Metrics are measures of model performance that is not a loss, although a metric can use a loss function. To create a custom metric, start with the base classes in masskit_ai/metrics.py
from a loss
- subclass BaseLossMetric to wrap an already existing loss specified by the parameter loss_class
from scratch
- subclass the new metric from BaseMetric.
- in the __init__(), use self.add_state() to add any tensors you need for the metric. add_state() is used to initialize tensors as it will set them up so they can work across multiple gpus and multiple nodes. add_state() can also be used to initialize a list. create an update() function that takes the results of a minibatch and uses the results to update the tensors set up in init()
- create a compute() function that takes the tensors and computes the metric.
config
- path to the metric modules is defined in paths.modules.samplers
- to specify a sampler to use
  - during valid/test: ml.valid_metrics
  - during train: ml.test_metrics
  - during valid, test, and train: ml.metrics

Custom sampler¶

samplers allow weighted selection of input data to the network based on columns in the input data
the base class BaseSampler for samplers is defined in masskit_ai/samplers.py
- to create a custom sampler, subclass BaseSampler and create a probability() method that computes an array where each element is the probability a corresponding row in the dataset is selected.
  - the probability does not have to be normalized
  - the fields available to probability() are the database fields listed in the configuration ms.dataset_columns, e.g. self.dataset.data['peptide'], self.dataset.data['charge'], self.dataset.data['ev'], self.dataset.data['mod_names']
configuration
- the path to sampler modules is defined in paths.modules.samplers
- sampler to use is specified by ml.sampler.sampler_type.

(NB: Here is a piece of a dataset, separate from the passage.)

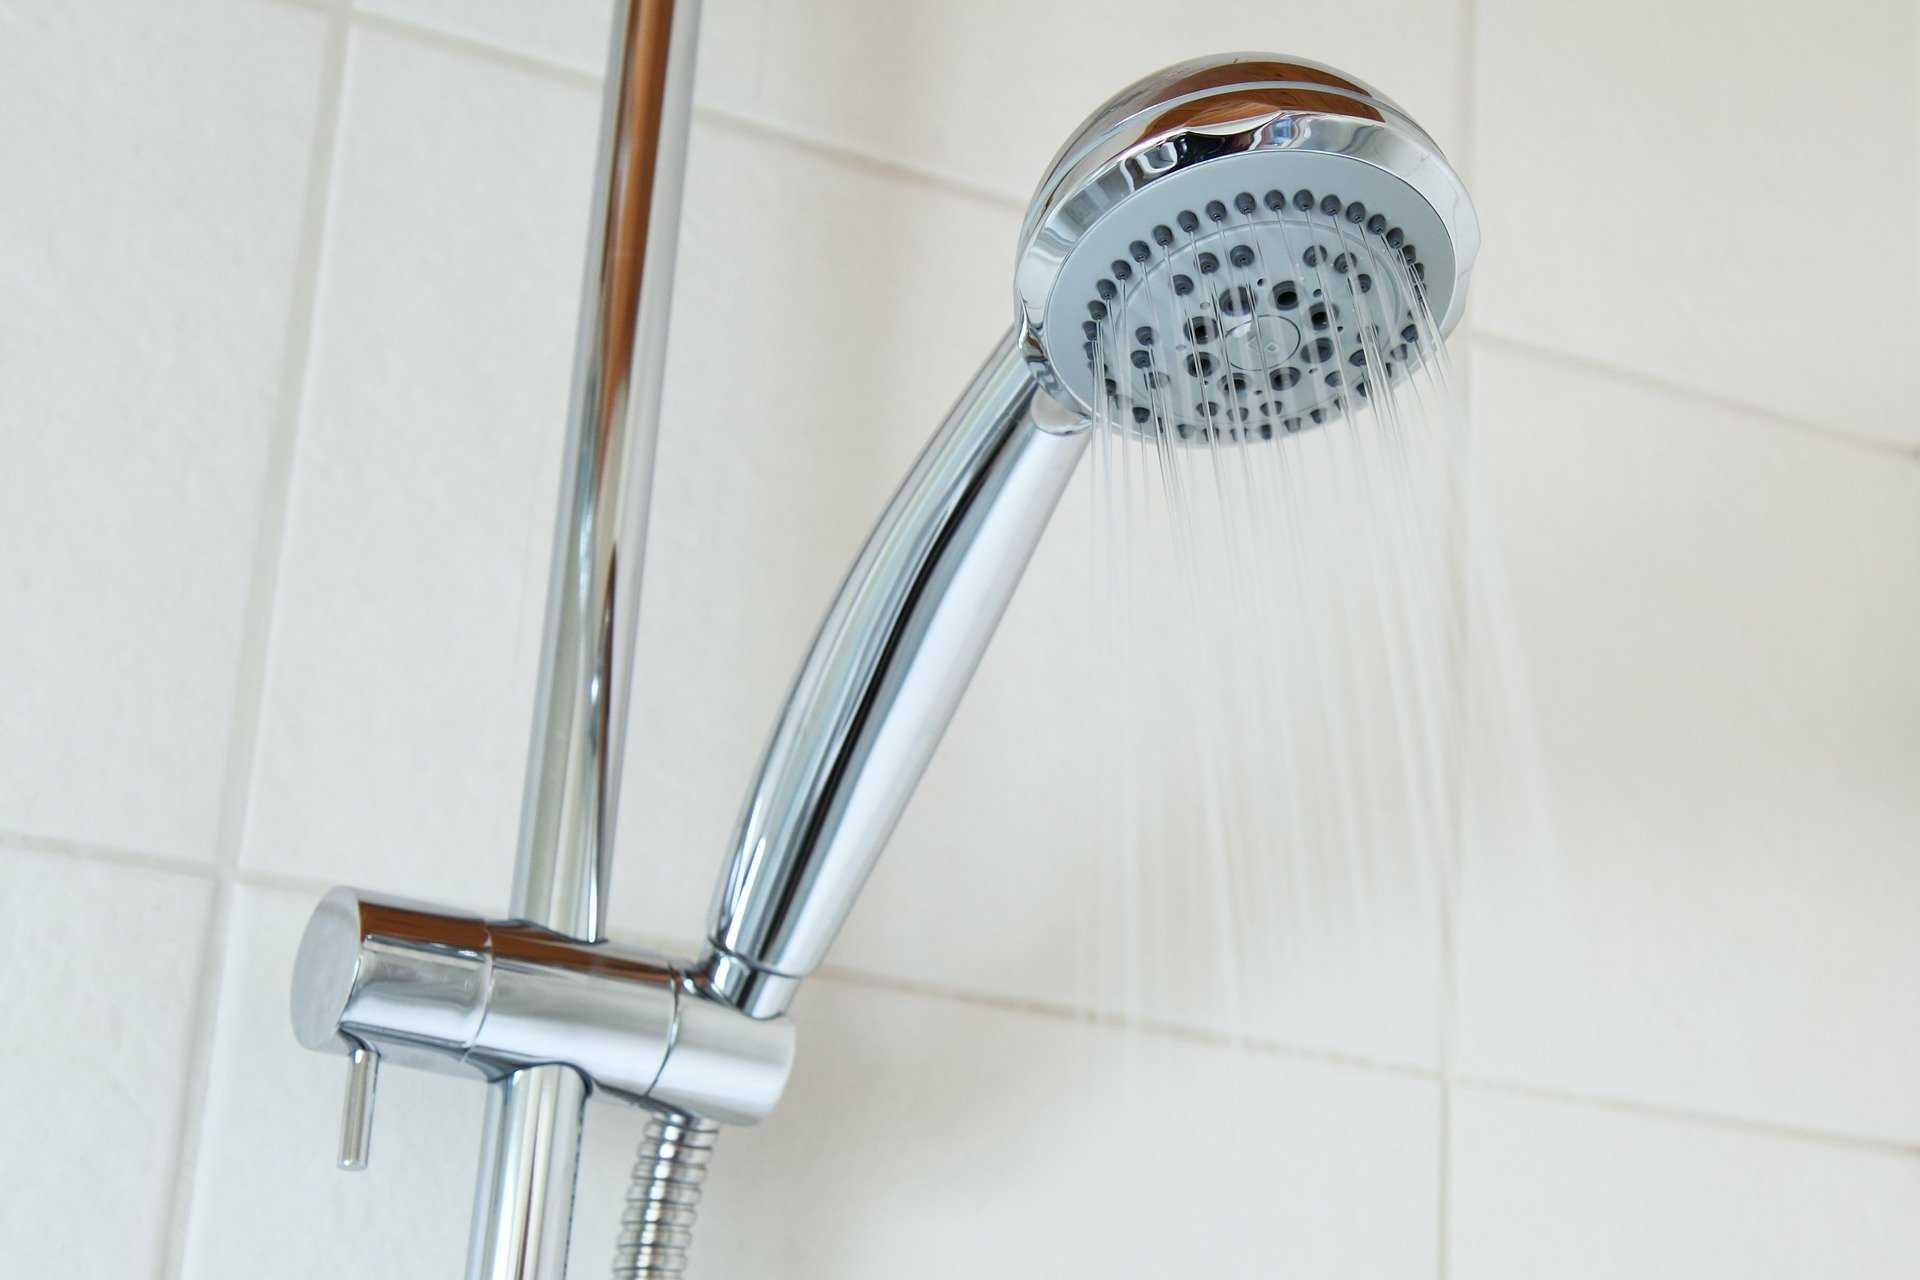 Аварийное отключение горячей воды в Новороссийске

Set this to null if no sampler should be used.
- the data columns available to the sampler are specified in ms.dataset_columns.
- configuration parameters for LengthSampler, which samples based on peptide length:
  - max_length: for this length of the peptide and longer, the probability of sampling is 1
  - min_length: for this length and smaller, the probability of sampling is min_length*scale/max_length
  - for lengths in between the probability of sampling linearly scales with length

Miscellaneous settings¶

Multiple validation files
- Edit the input configuration file, e.g. 2021-05-24_nist.yaml so that valid.spectral_library is a list of validation libraries.
To log record ids used for each training epoch:
- set input.train.log_ids to True
- the files containing the ids for each epoch will be found in the working directory with filenames of form log_ids_epoch_*.txt
- use of this option will slow down training.